Some images are not labelled correctly or wrong images. We can easily fix it by using the cleaner.

# Pick which ones to delete or to move to another category
cleaner = ImageClassifierCleaner(learn)
cleaner
/usr/local/lib/python3.7/dist-packages/PIL/Image.py:960: UserWarning: Palette images with Transparency expressed in bytes should be converted to RGBA images
  "Palette images with Transparency expressed in bytes should be "
# make cleaner take effect
for idx in cleaner.delete(): cleaner.fns[idx].unlink()
for idx,cat in cleaner.change(): shutil.move(str(cleaner.fns[idx]), path/cat)

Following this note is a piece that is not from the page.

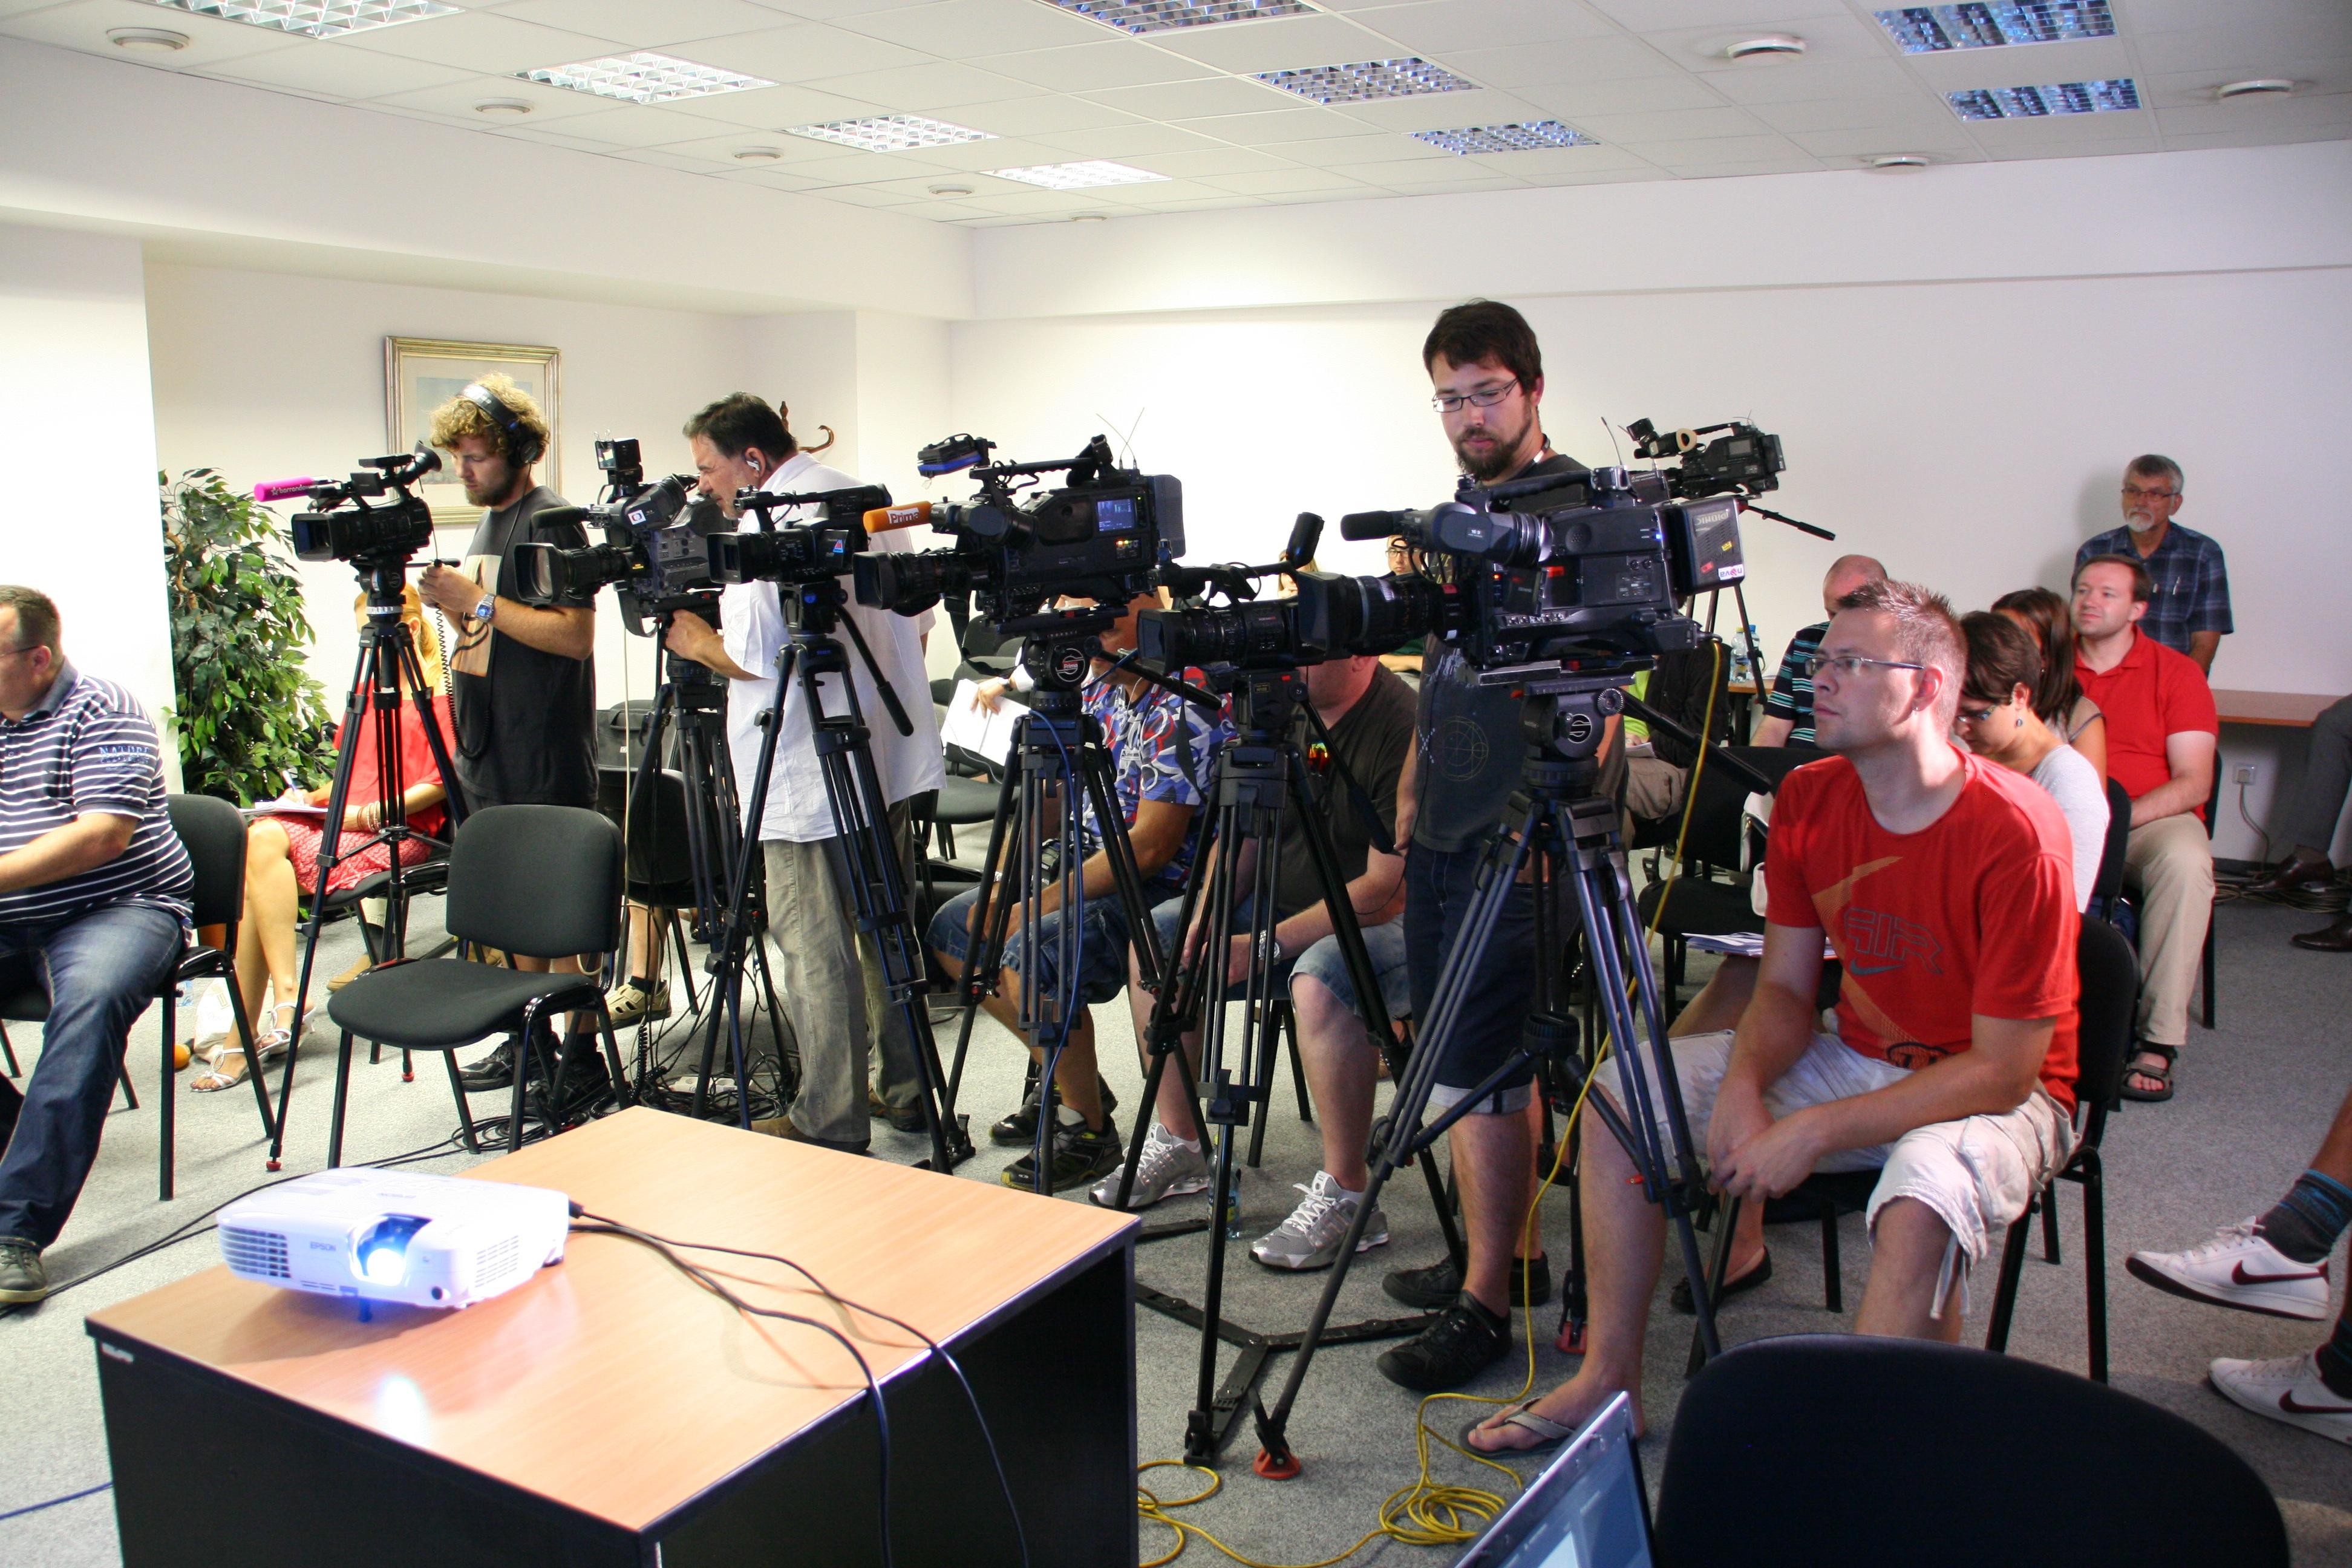 Press Conferences - image press-conference-1166343 on https://4kfreelance.com

After cleaning, we train again for the cleaned data. So, we go back up to DataLoaders and come back down here. After that, we can export the model. We can then download the model so that we can deploy it into Hugging Face Spaces.

learn.export()
# check if file is pickled
path = Path()
path.ls(file_exts='.pkl')
(#1) [Path('export.pkl')]

That’s it. If this notebook was run locally, there will be the the model in the same directory as the notebook. If this notebook was run on Google colab, the model has to be downloaded from the directory from the panel on the left.